DATASET SECTION:
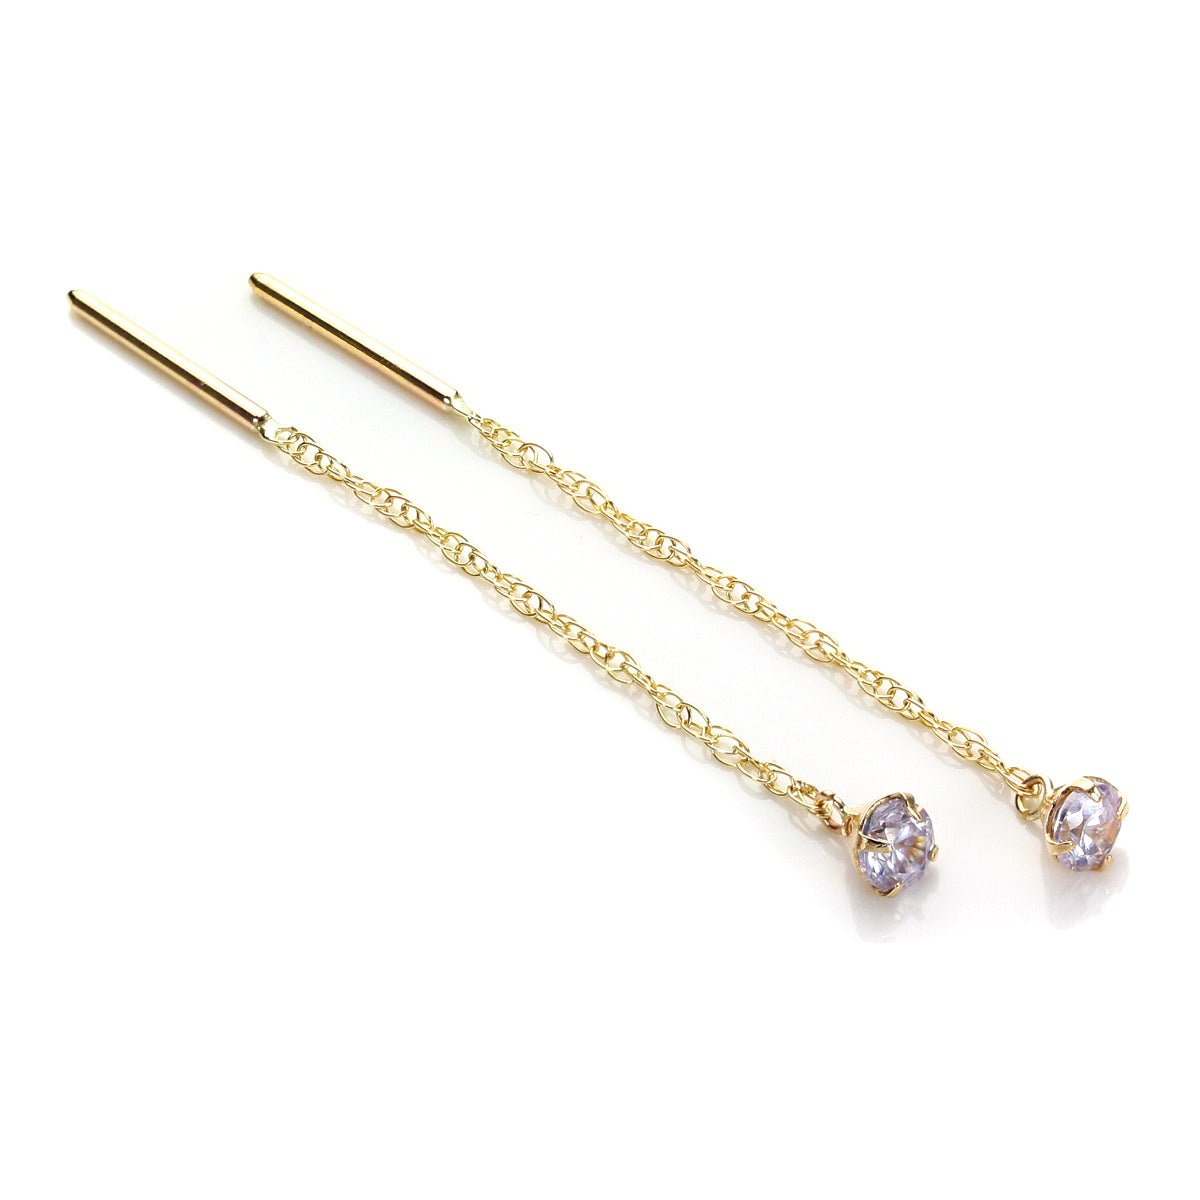 9ct Yellow Gold Lilac CZ 3.5mm Pull Through Earrings - jewellerybox
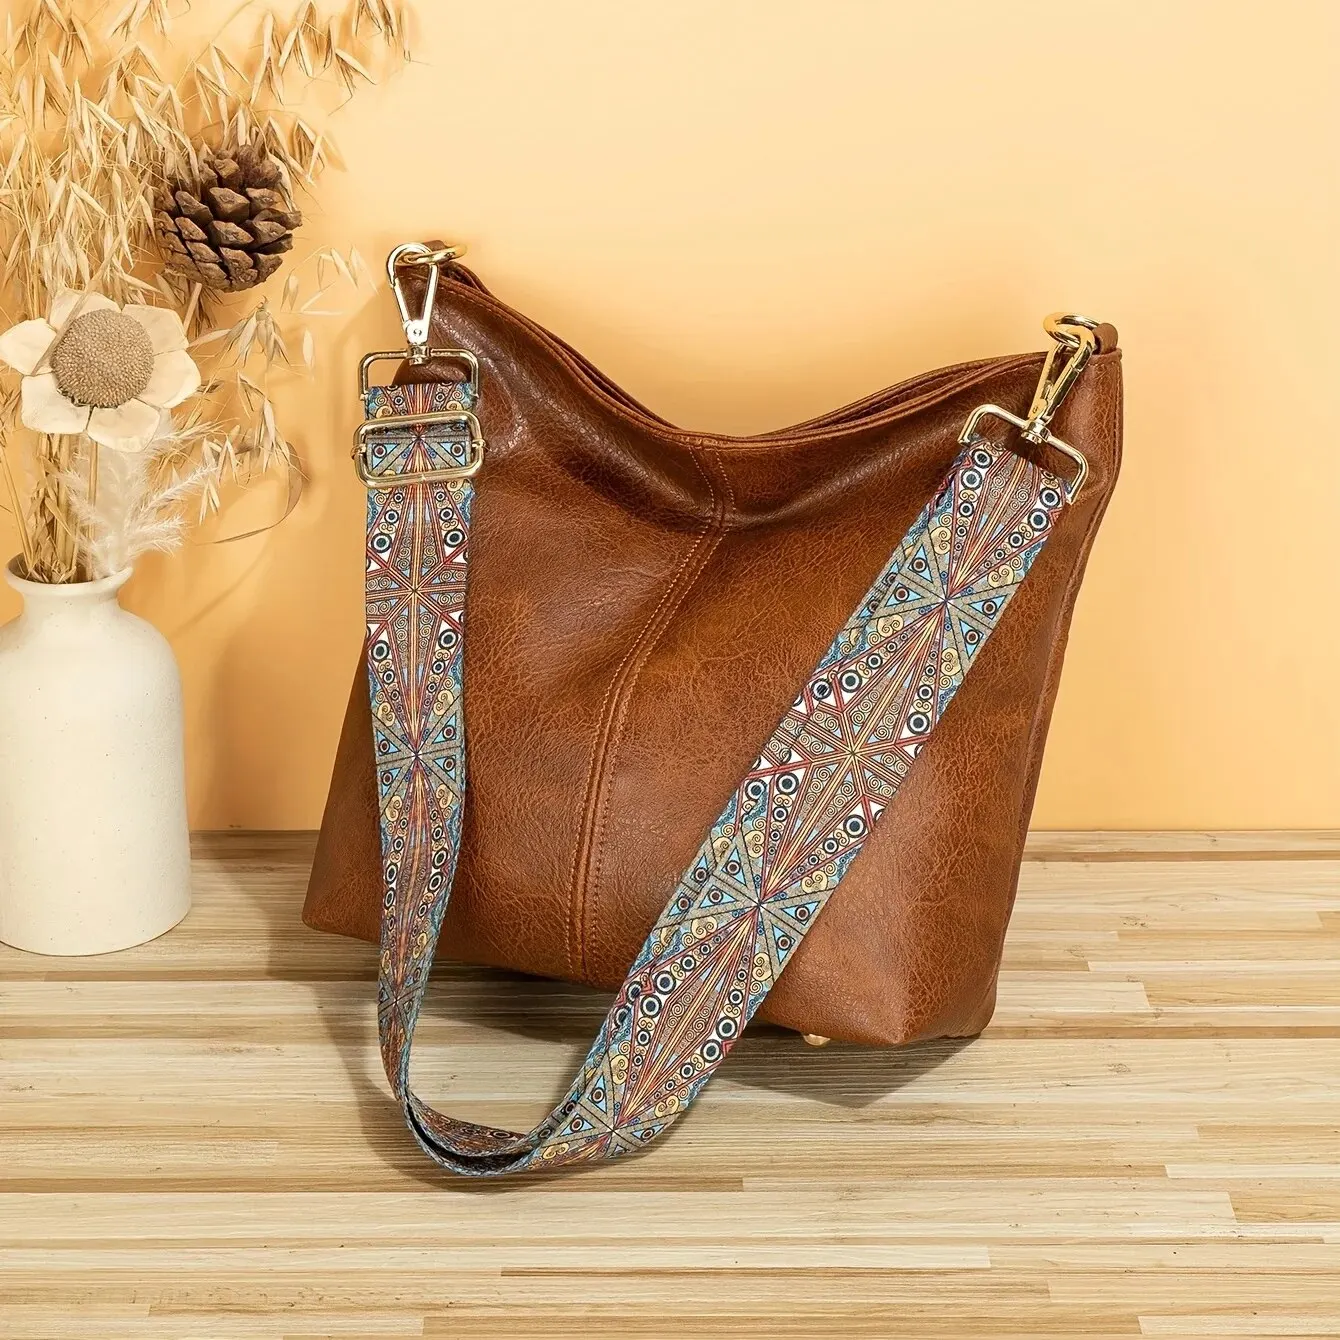 Style bucket crossbody bag boho style shoulder bag faux leather purse with ethnic strap thumb200
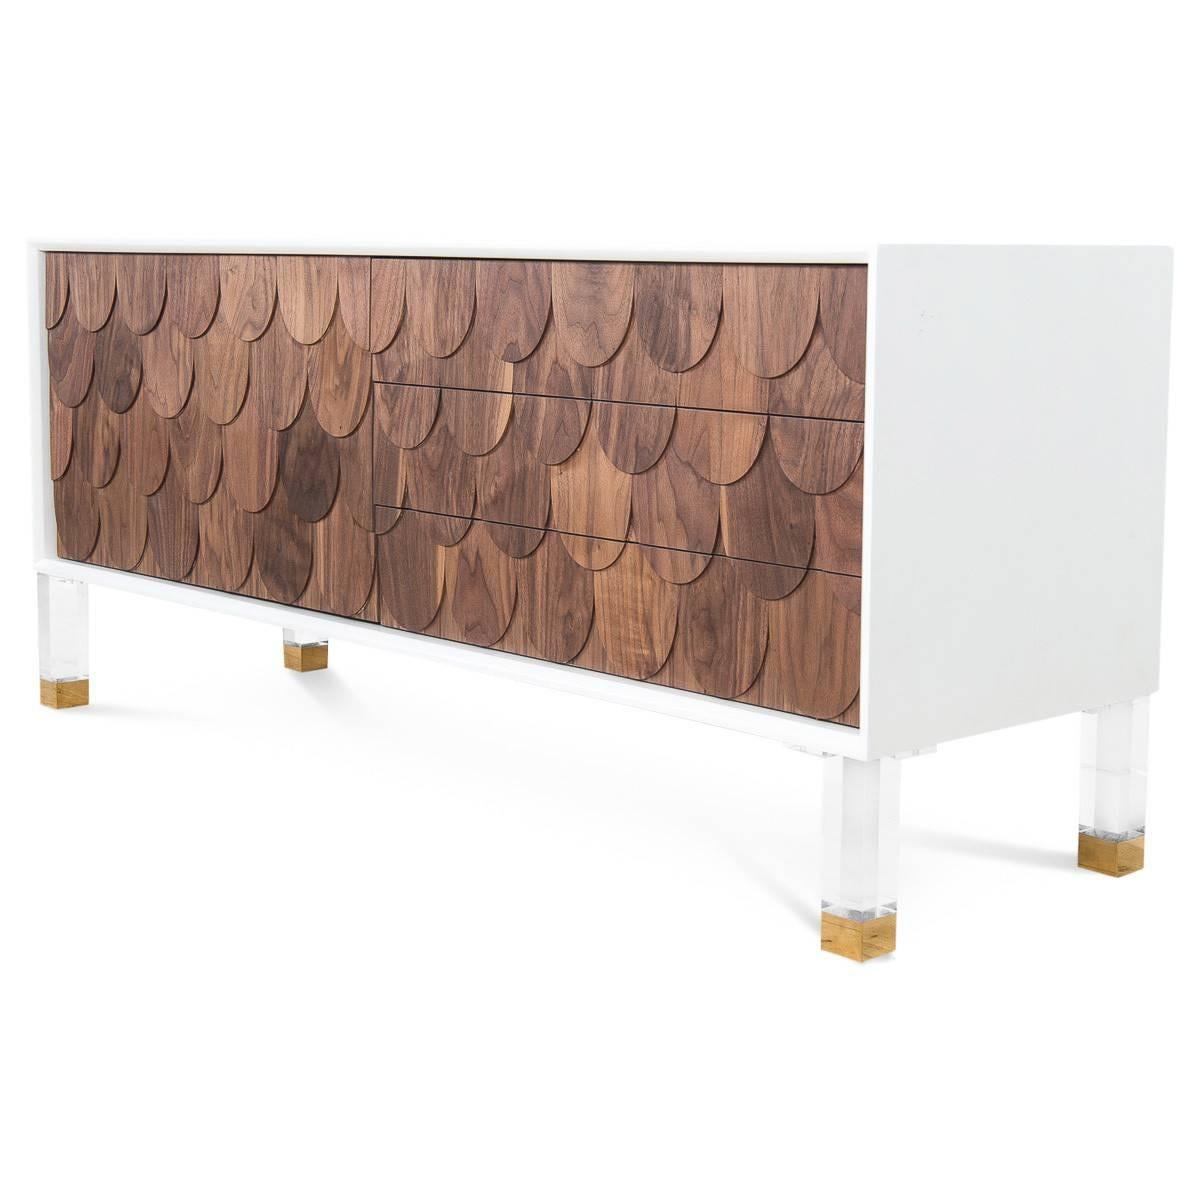 This credenza features a solid North American oiled walnut facade with 7

WORK REQUEST: I would like the material repeated in full and exactly, with its images omitted.

TASK ANSWER:
 9ct Yellow Gold Lilac CZ 3.5mm Pull Through Earrings - jewellerybox
 Style bucket crossbody bag boho style shoulder bag faux leather purse with ethnic strap thumb200
 This credenza features a solid North American oiled walnut facade with 7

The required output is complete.